§ **Collected material**
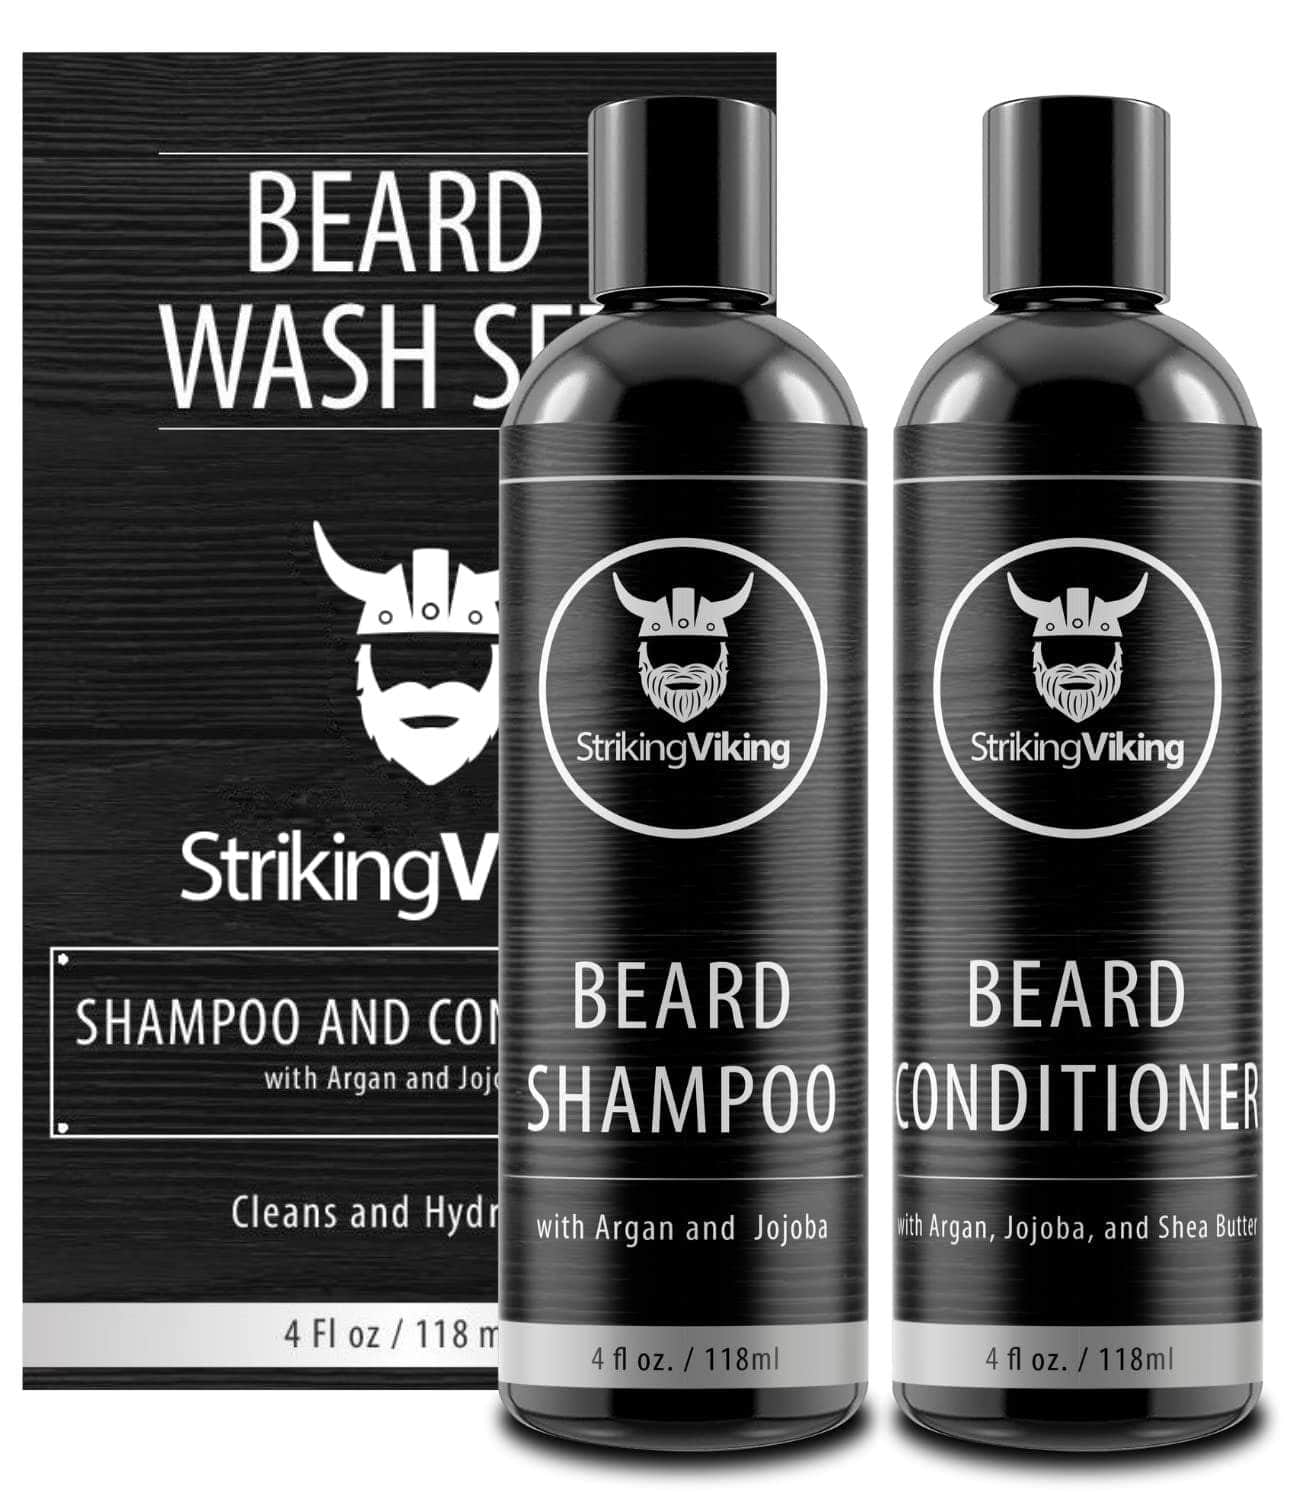 Beard Shampoo and Beard Conditioner for Men, All-Natural Beard Wash Set Cleanse Softens & Conditions with Organic Argan and Jojoba Beard Oils, Sulfate & Paraben Free by Ancient Treasures Ancientreasures Viking Odin Thor Mjolnir Celtic Ancient Egypt Norse Norse Mythology
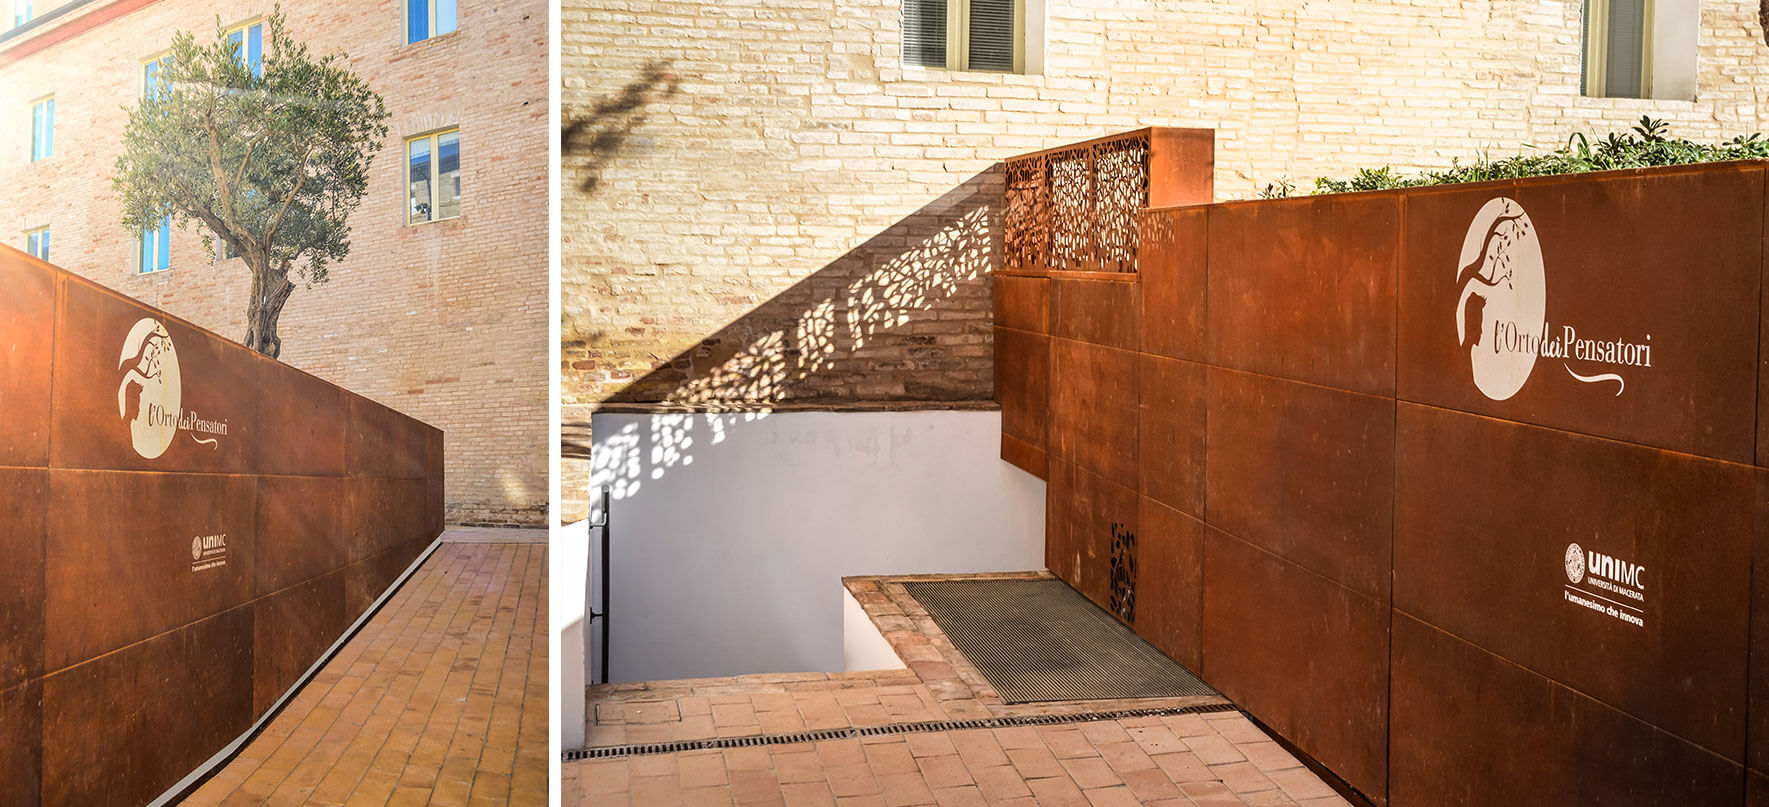 public entrance with wall cladded with corten steel sheets and corten borders
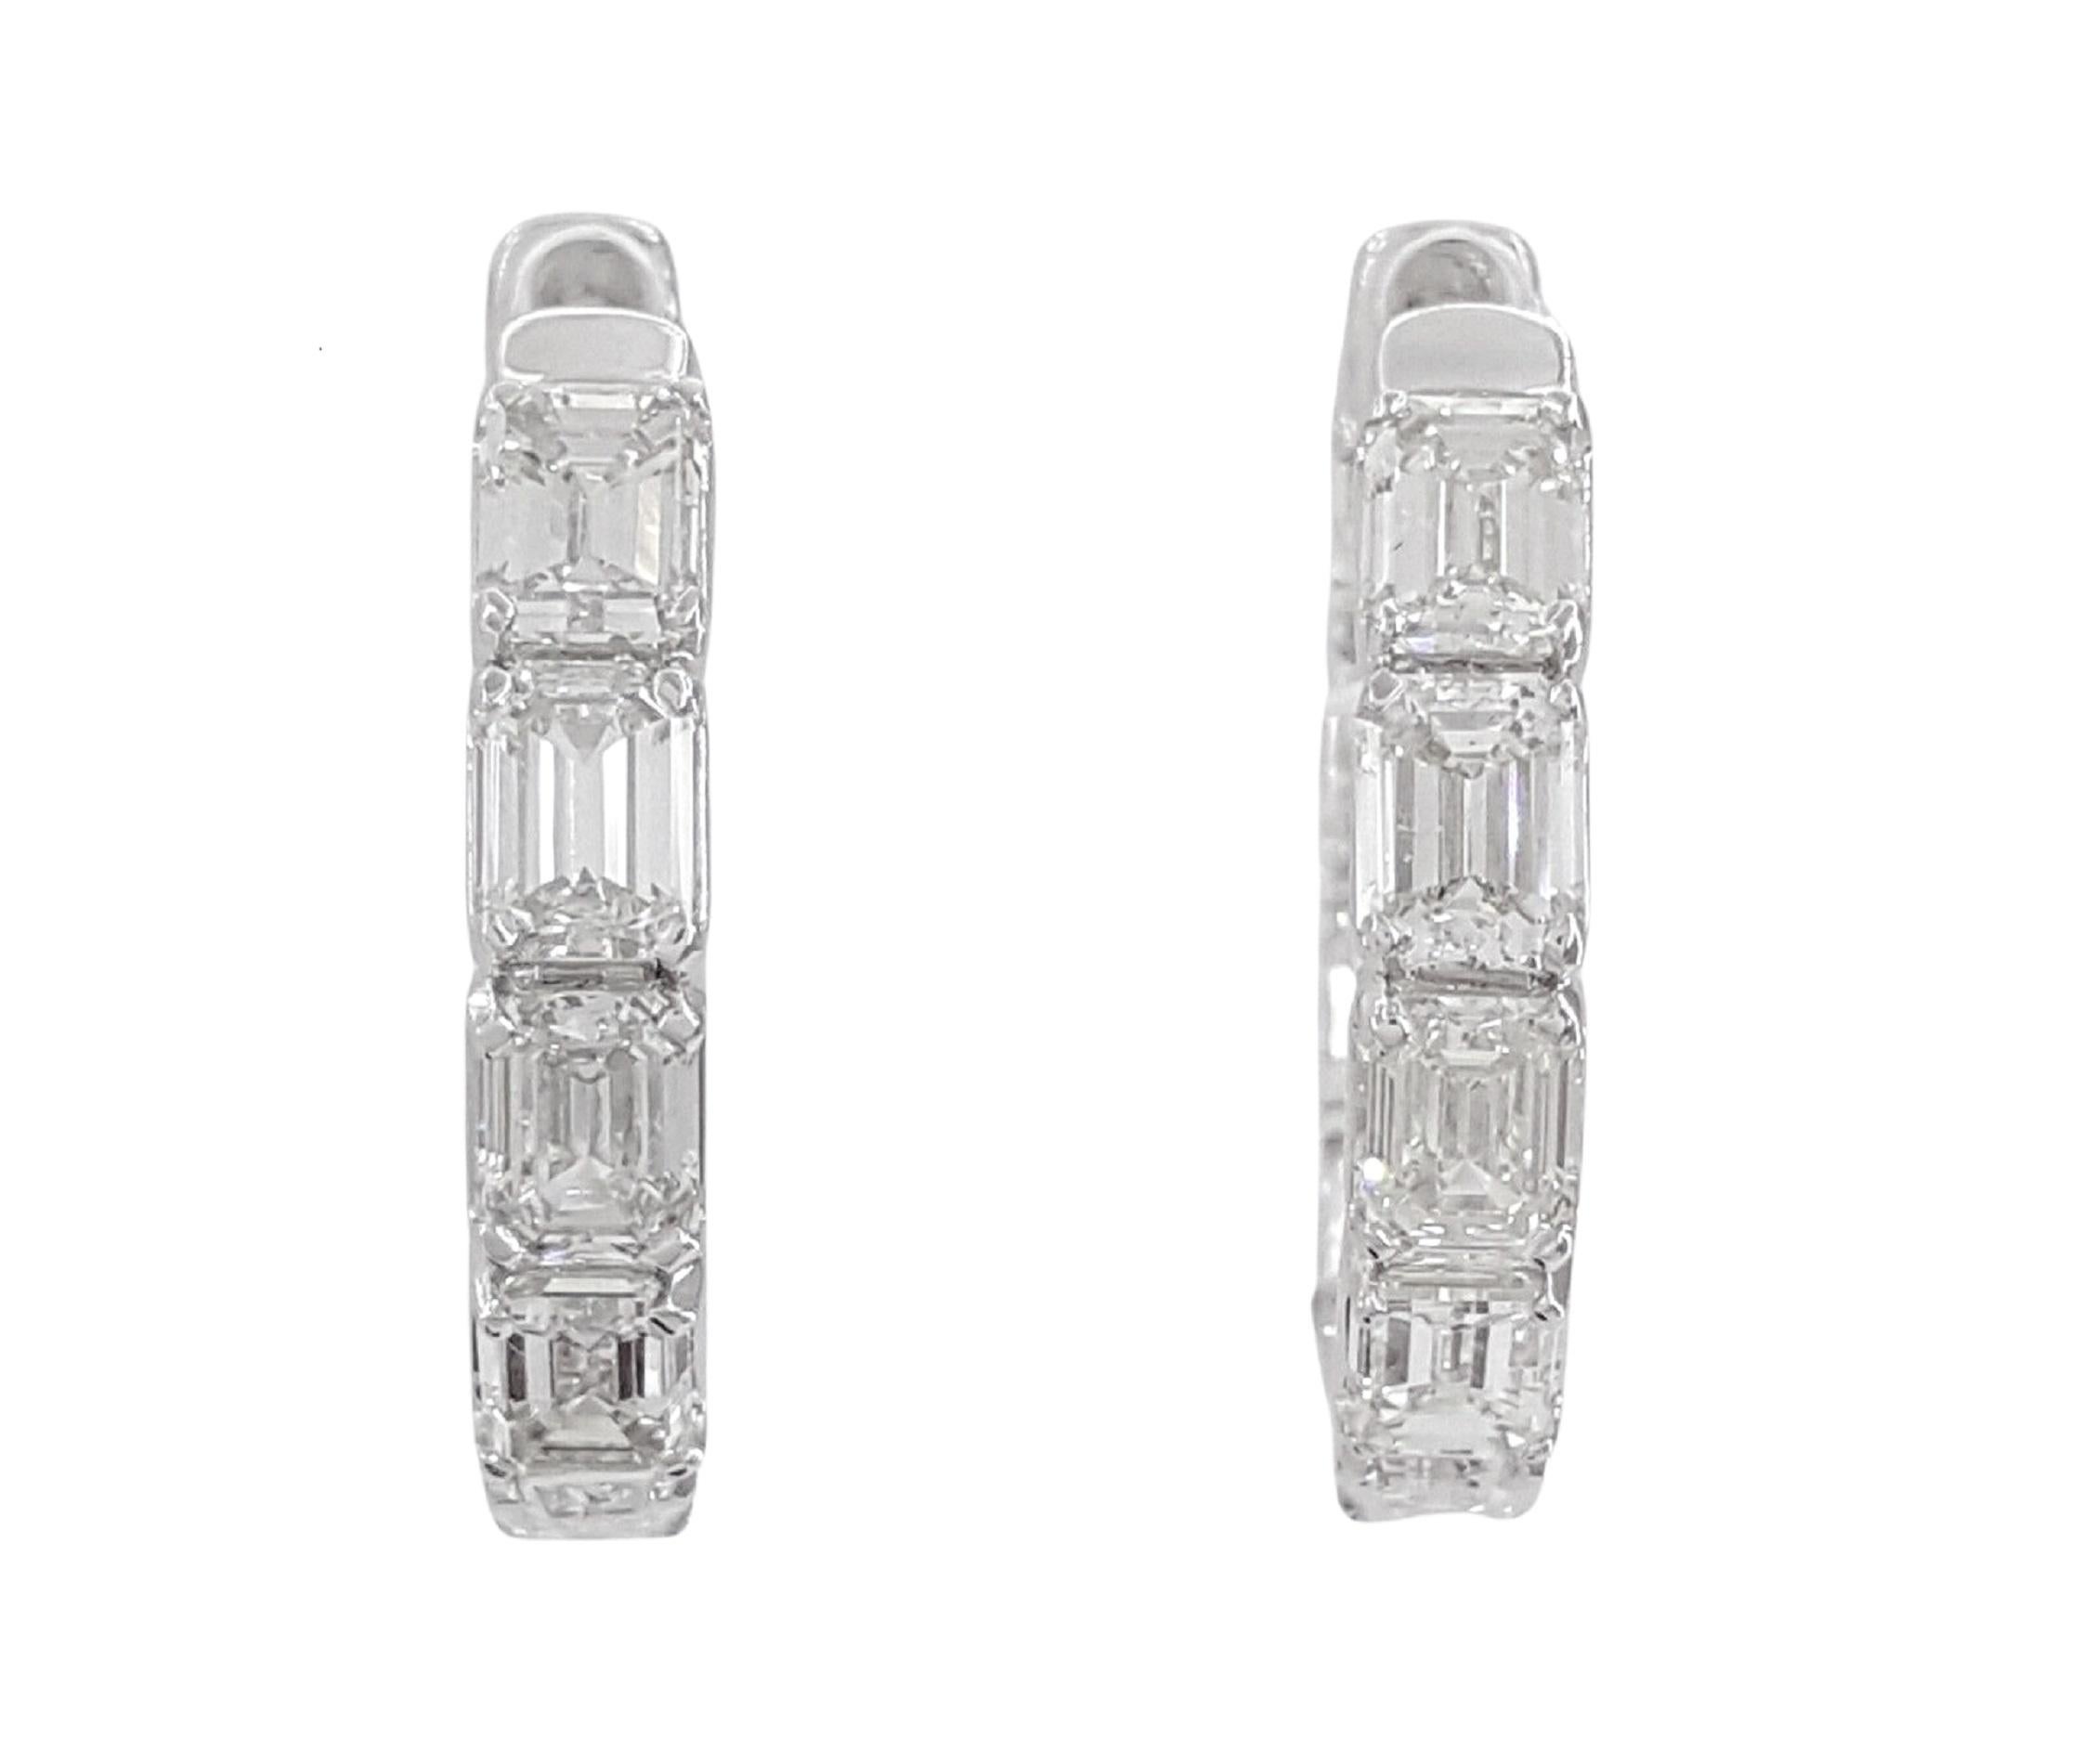 An exquisite pair of approximately 5 Carat Emerald Cut Diamond Earrings.

There are 36 (both earrings total) Natural Emerald Cut Diamonds weighing approximately 5 ct total weight. The diamonds are G-I in color and VS1-SI1 in clarity.

§ **What is being asked**
Nothing but the lines from the one containing "An exquisite pair" through the end of the listing is to be output, and those lines are to be output exactly, pictures excluded.

§ **Result of this exercise**
 An exquisite pair of approximately 5 Carat Emerald Cut Diamond Earrings.

There are 36 (both earrings total) Natural Emerald Cut Diamonds weighing approximately 5 ct total weight. The diamonds are G-I in color and VS1-SI1 in clarity.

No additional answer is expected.